What I'm currently doing in the superclass to call the static method defined in the subclass is this:
const r = Object.getPrototypeOf(this).constructor.staticMethod()
First question: is there a better way to do this? In particular, constructor returns any, which I never like.
Second: how can I ensure at compile-time that the subclass will implement the static method staticMethod?

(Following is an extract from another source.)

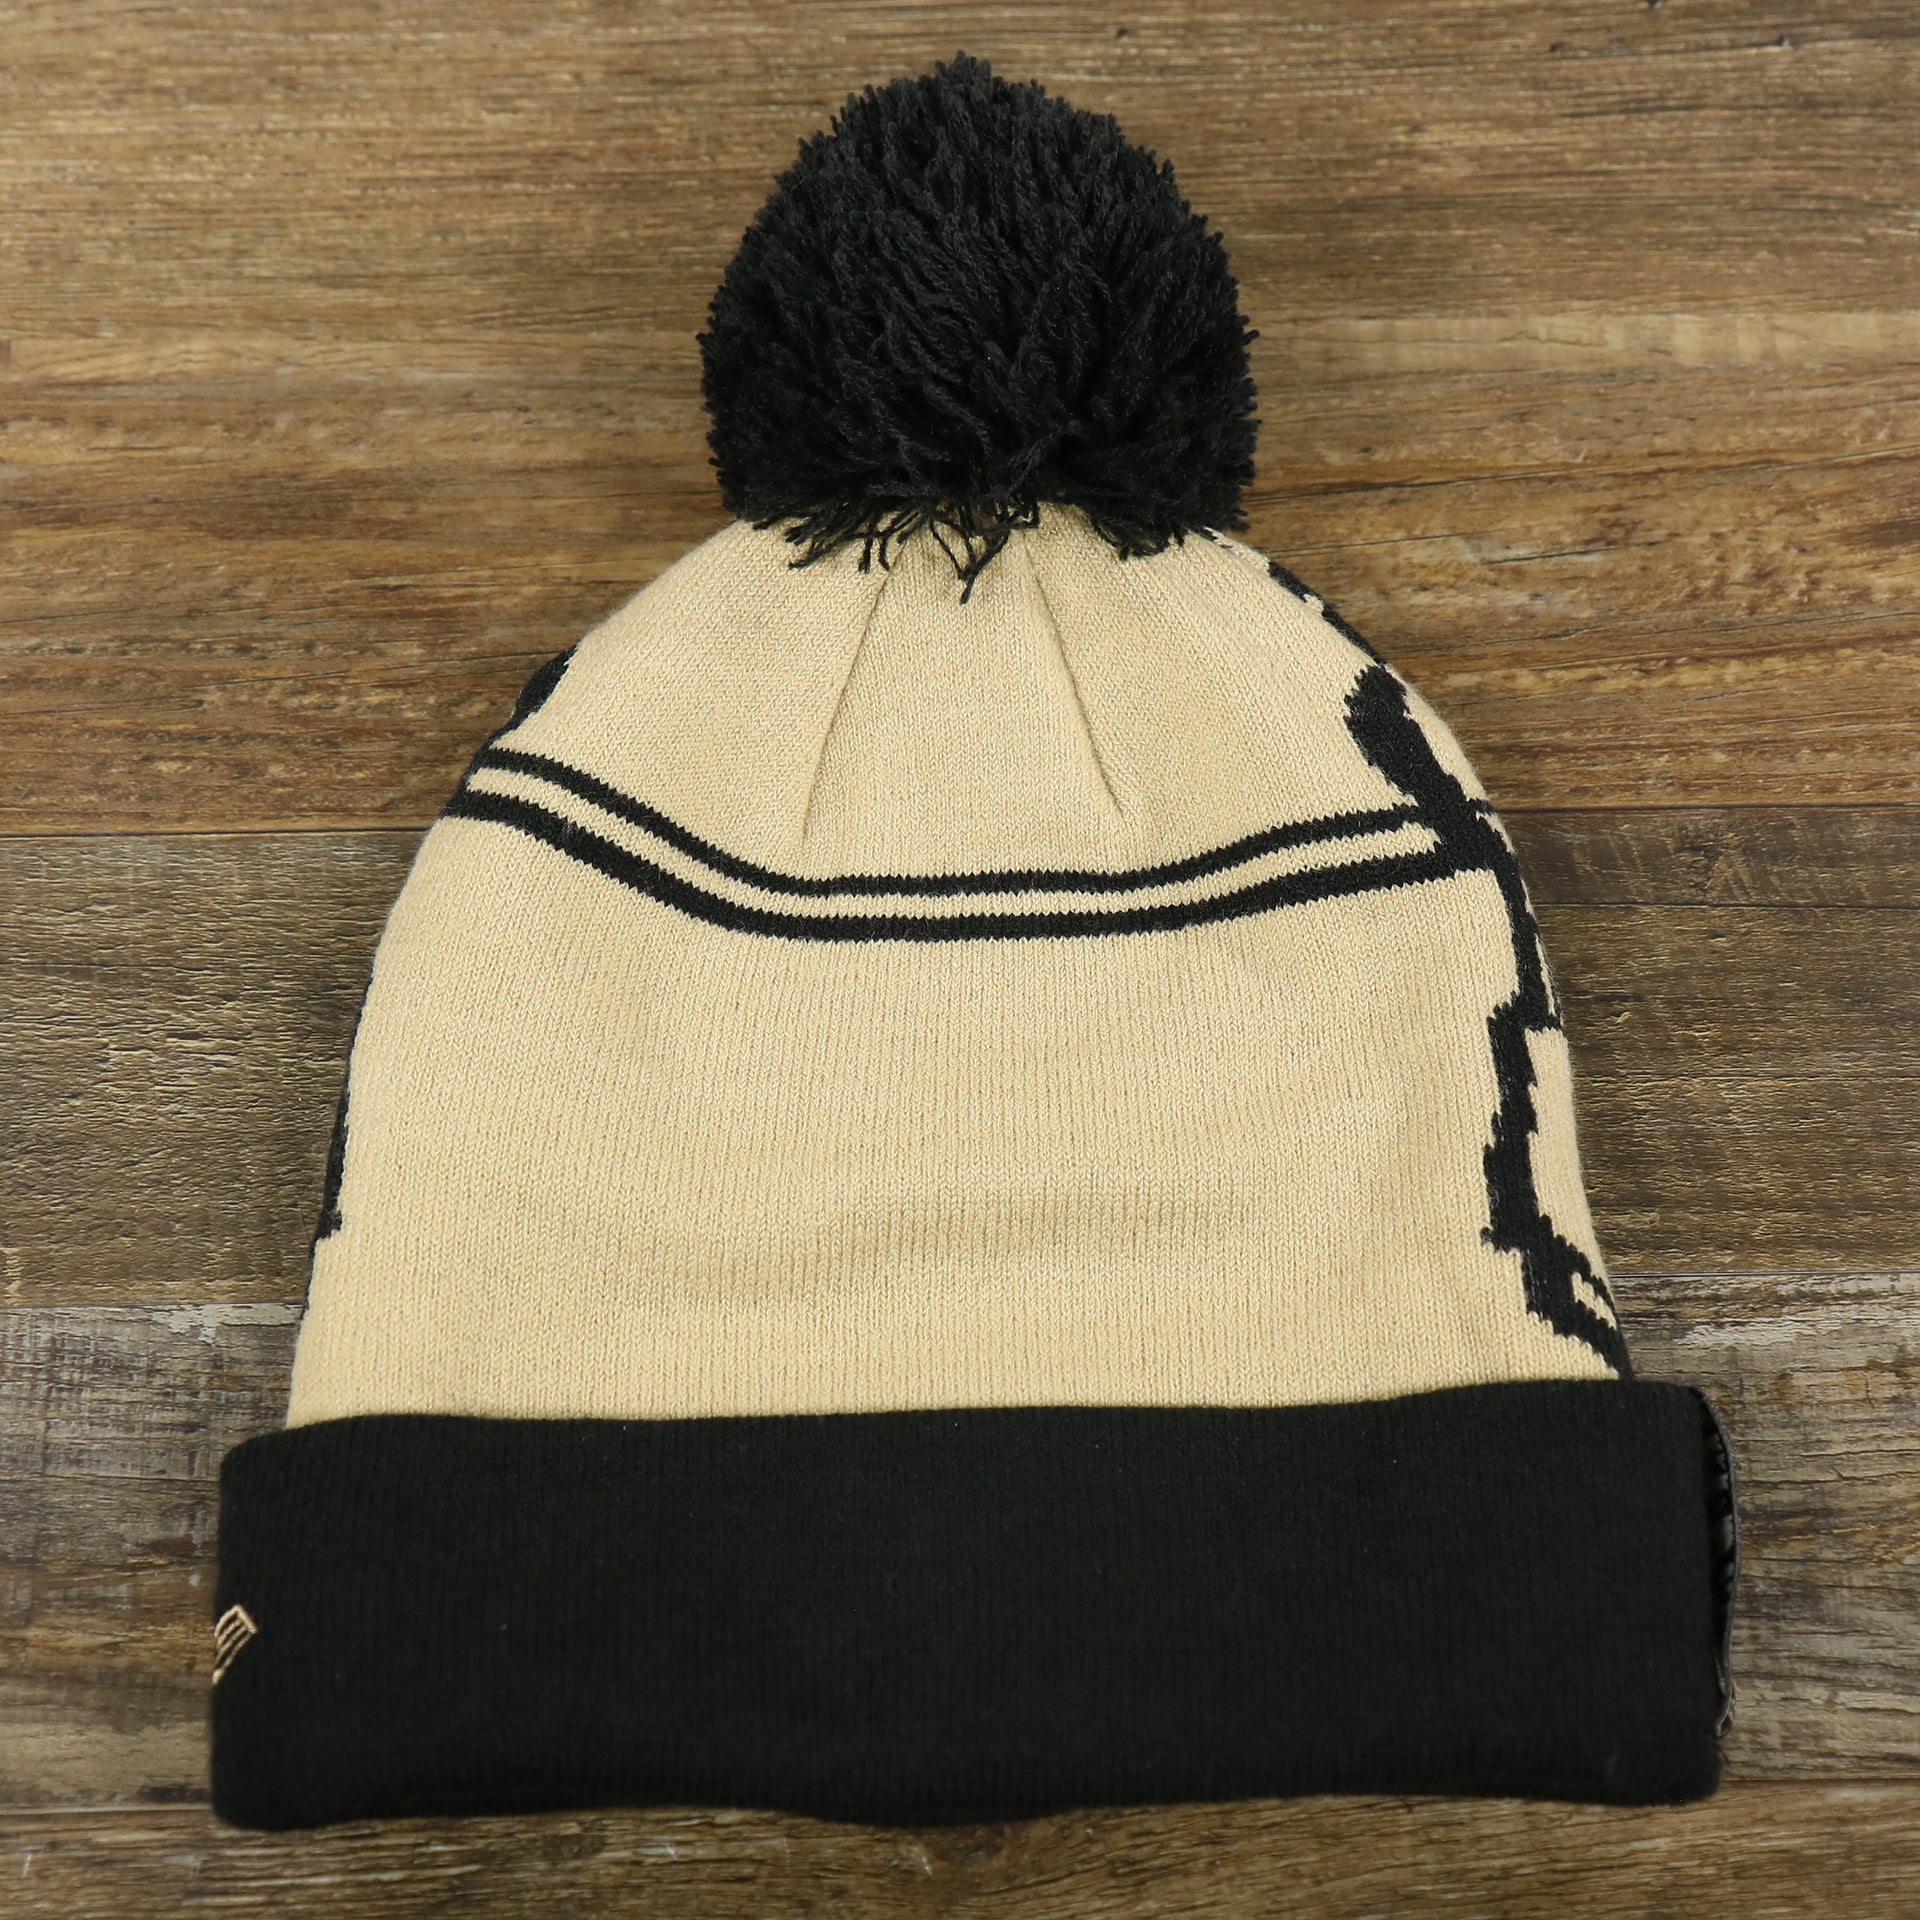 The backside of the Star War Sandtrooper Cuffed Beanie With Black Pom Pom | Tan And Black Beanie

I've tried various approaches, including stuff with satisfies like
type SuperclassStatic = { someMethod(): number }
const Subclass = class extends Superclass { ... } satisfies SuperclassStatic
… but not only does this seem to be invalid syntax in TypeScript 4.9.5, it is also not great that I'd have to remember to add the satisfies SuperclassStatic part in every subclass declaration.
Any better way?
First question: is there a better way to do this?
If this is within an instance method of the superclass (which you've confirmed in a comment it is), then while you don't have to use Object.getPrototypeOf, you are sadly stuck with this.constructor, which as you say isn't ideal as its type is just Function:
const ctor = this.constructor as /*...appropriate type, see below...*/;
// Belt-and-braces runtime check
if (!ctor.staticMethod) { // Slightly surprising TypeScript doesn't say this will never be true, but handy
throw new Error(`Invalid subclass, has no staticMethod static method`);
}
ctor.staticMethod();
(Note: The !ctor.staticMethod check above only makes sense in conjunction with another change I make below [making the parent class use a different name for the static method than subclasses]. If you don't make that change, you might do if (ctor.staticMethod === Parent.staticMethod) { instead for the condition of that if that will throw on an invalid subclass.)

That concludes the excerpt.